I&#x27;m from Brazil, almost getting my CS degree. Microsoft has offered me a job as a Software Development Engineer.
Because of visa bureacracies, my start date is 1 year from now.
So, HN, what kind of skills should I brush up?
======
arbinder
It's a very legitimate question since most of the H1-B applicants go through a
similar waiting period in between the job offer and start working. However, in
my humble opinion this question would have had a longer lifetime and better
answers if you had posted in Quora.

I am in a similar situation with a joining date in next October.
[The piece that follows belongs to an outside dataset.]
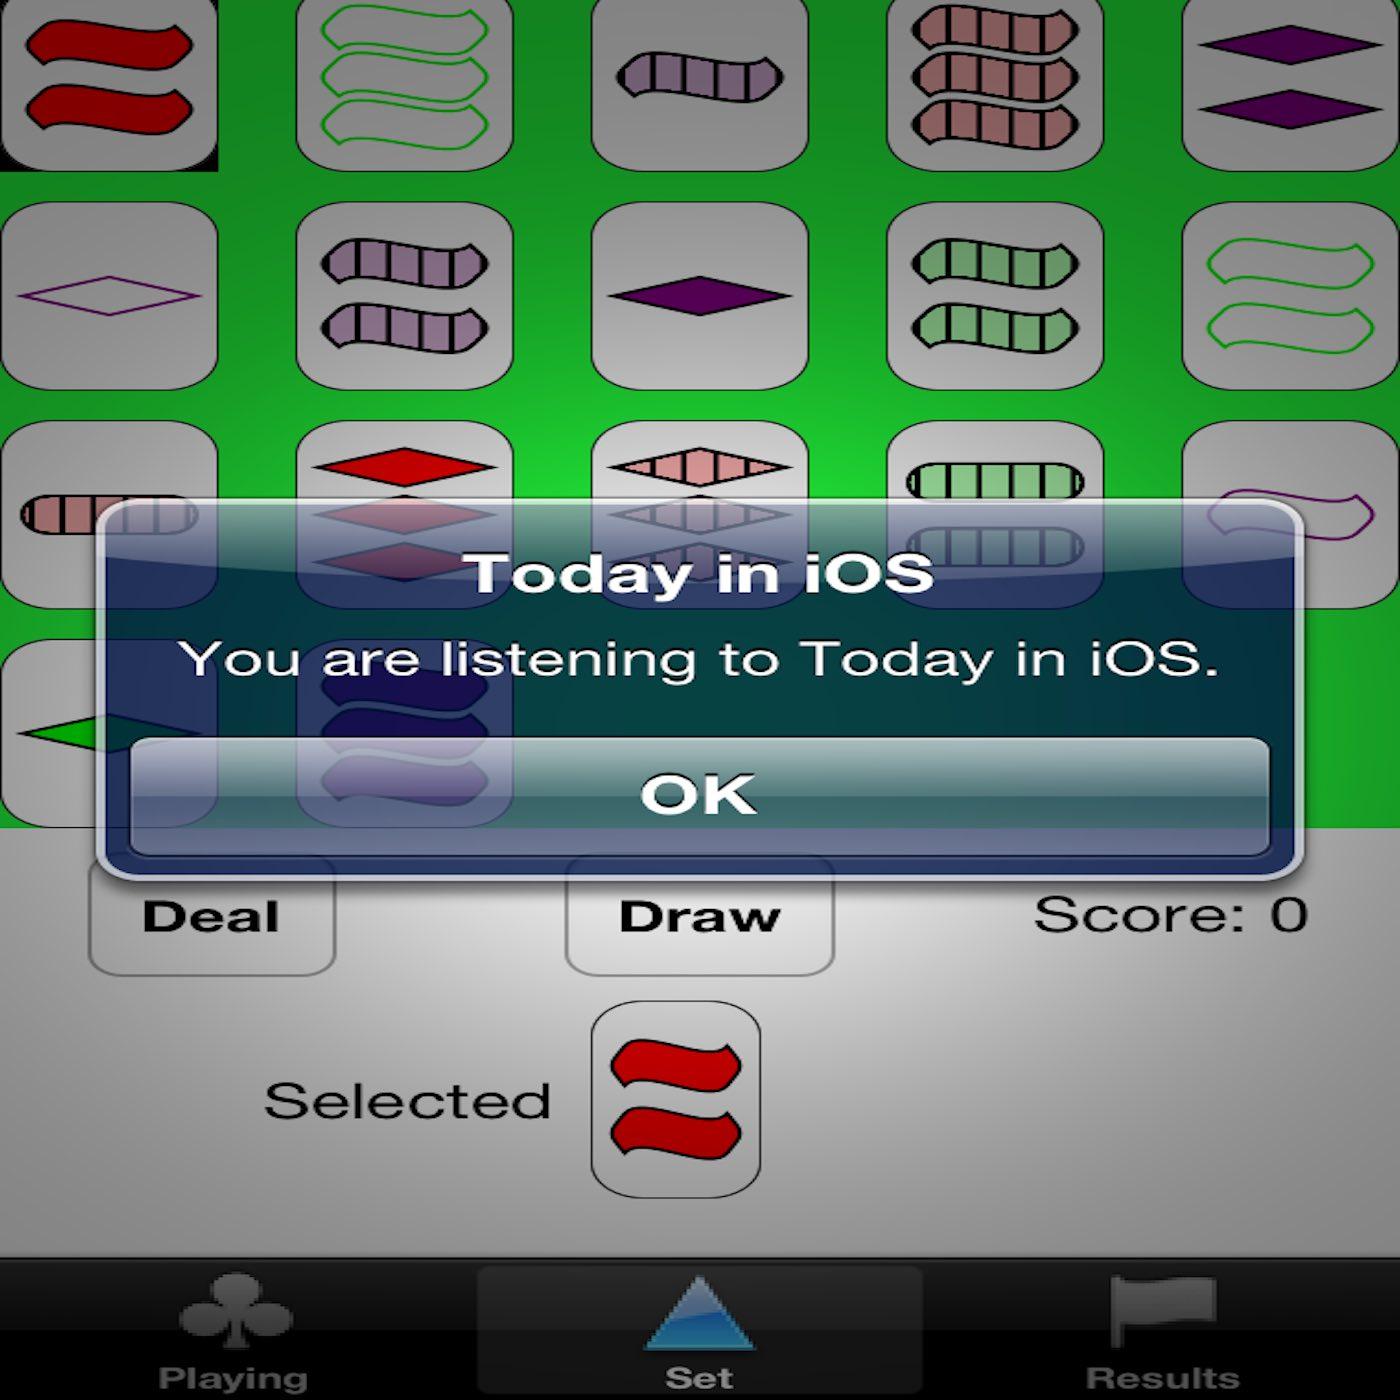 Tii 0499 - Apple Watch series 6 and SE, iPad Air, Apple Fitness+, iOS 14

I decided to
finish reading the books I never had time for reading, work on a few community
projects and spend more time with my family. I hope it won't get too boring.

------
Wezc
Congrats !

Do you know the job description ? On what subject will you work ? I would
suggest to be fluent in C#, C++ and the .NET framwork. Btw: How did MS make
you an offer ? You applied or they came for you ?

------
Avalaxy
Depends on what you're going to do... General stuff like 'Writing secure code'
and 'introduction to algorithms' are useful to read.

------
tostitos1979
Become fluent in C# at least. Get experience with the CLR. Learn about unit
testing. Watch Tudors to learn about court intrigue.

------
ye
Go